Harvard University COVID-19 updates

Department Message from the Chair

Message from the Chair

July 3rd, 2021

Happy New Year!

A university marks its time by more than one calendar. Those of us close to MCB’s finances mark the new fiscal year (July 1), and I hope all of us have a well-deserved summer break before we return to a new academic year (September 1). For over a year now we have also been marking our time from the beginning of a pandemic, and a new year seems to be dawning in that reckoning too.

It’s good to see some light, because the pandemic has been hard. We mourn the deaths of Rob Lue, Peter Arvidson, and Guido Guidotti. Several colleagues retired after many years of service, a bittersweet sort of loss: Andy Banadyga, Jack Conlin, Nancy Hegarty, and Carol Sutherland (Admin/Lab Services); Mary Branco, Jack Howard, Steven Keirstead, and Lansing Wagner (Biology Teaching Laboratories); Karen Fahrner (Berg lab); Eileen Snow, Chuck Bilikas, and Les Takacs (Biolabs building operations); and Sid Paula (Environmental Health & Safety). We couldn’t offer proper goodbyes or thanks in person. The pandemic has separated us, threatened friends and family, and set back the aspirations of students and postdocs. The department we return to this fall will be different.

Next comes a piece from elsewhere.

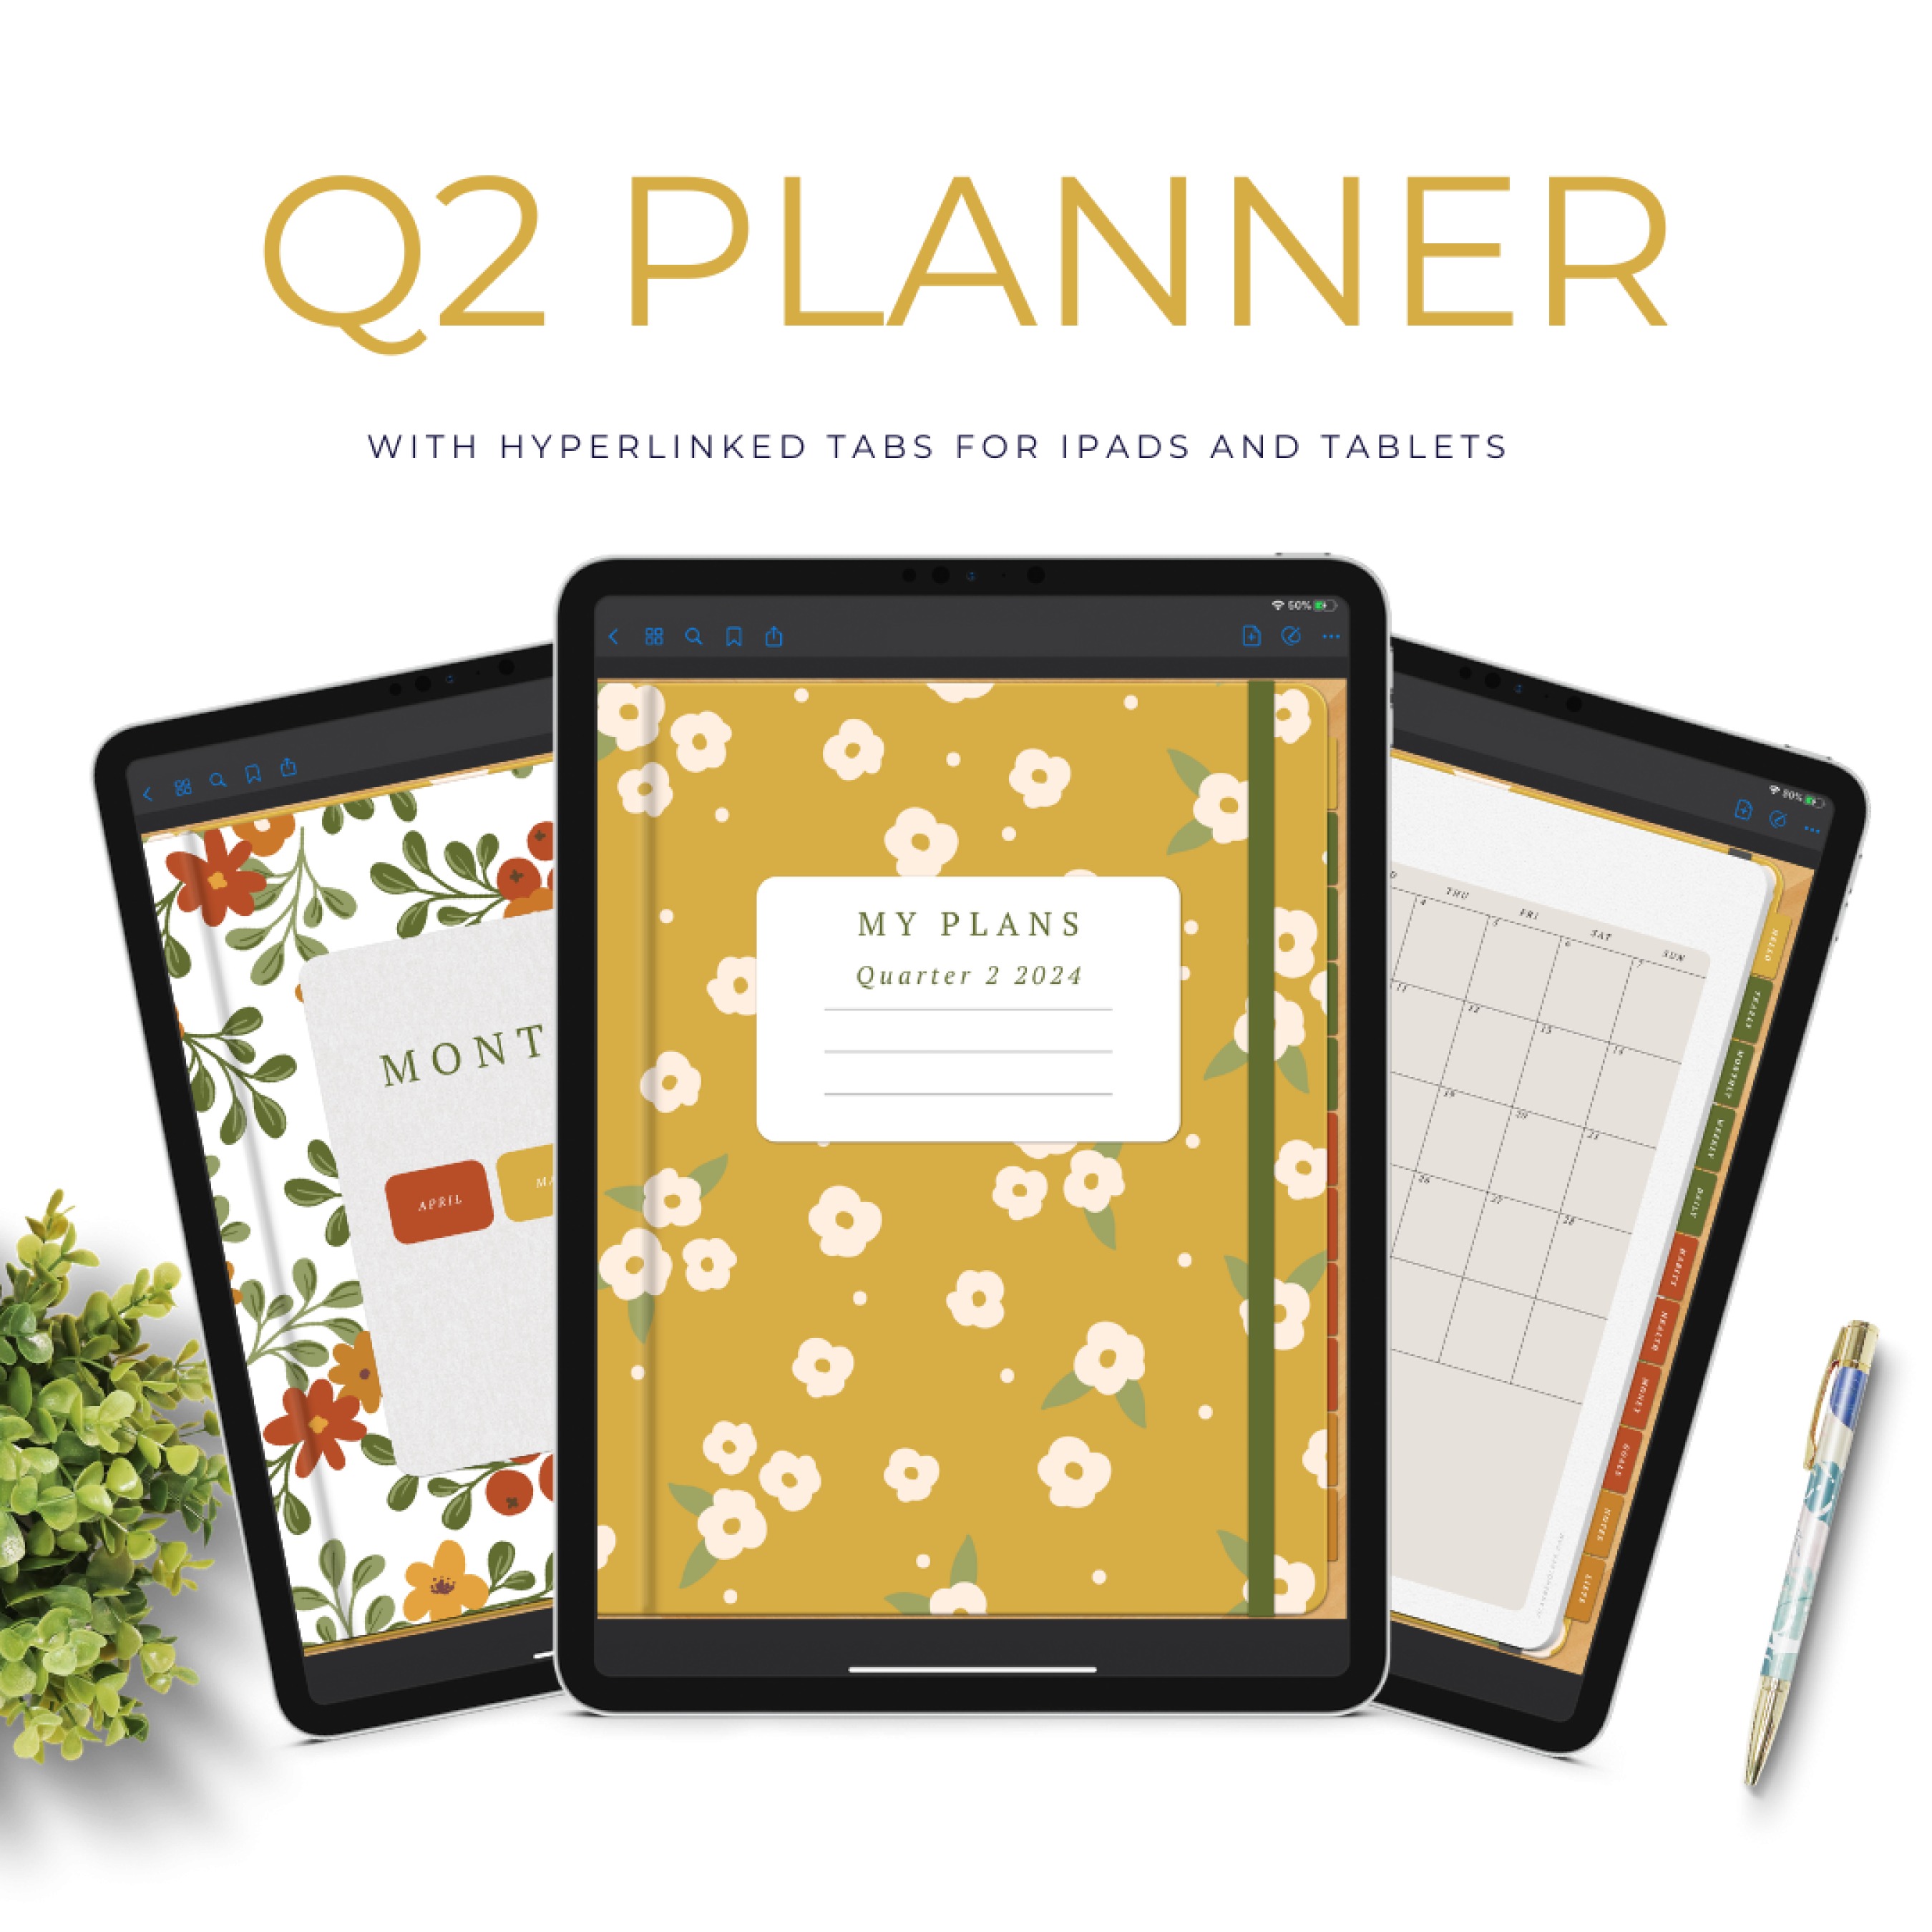 [FREE] Digital Planner for Q2

We look forward to that return nonetheless. Most of the restrictions on building occupancy have lifted, and more should lift soon. MCB administration staff will return to campus in August. Fall classes will be in person. We will welcome our new first-year undergraduates and PhD students to campus – though with some still-lingering red tape for international students and their visas. With vaccination rates looking near-100% in the Harvard community, our “new normal” might even look passably like the old normal, albeit with regular PCR testing (now processed in our own Northwest building, as Harvard spins up its own testing operation, independent of the Broad).

Actual in-person events are starting to happen again. The department retreat is Friday 9/24 – Saturday 9/25 at the Seacrest Beach Hotel in Falmouth. In the fall we’ll launch a new Friday afternoon MCB internal seminar series in place of Cellular Dynamics, with two short talks each week from students and postdocs, followed by a TGIF in the Biolabs courtyard and lounge. The Rhino Cup has returned to the Biolabs courtyard, and I hope to see (and compete against) many of you on the volleyball court this summer.

MCB aspires not only to excellence in volleyball, but also in science. MCB’s science was recognized this past year in numerous awards to our students, postdocs, and faculty, including a Breakthrough Prize to Catherine Dulac, who may yet be able to collect her prize in person this fall. We will launch a search for a new assistant faculty member in the fall, and with FAS’s support, we expect to launch new searches each year for the foreseeable future.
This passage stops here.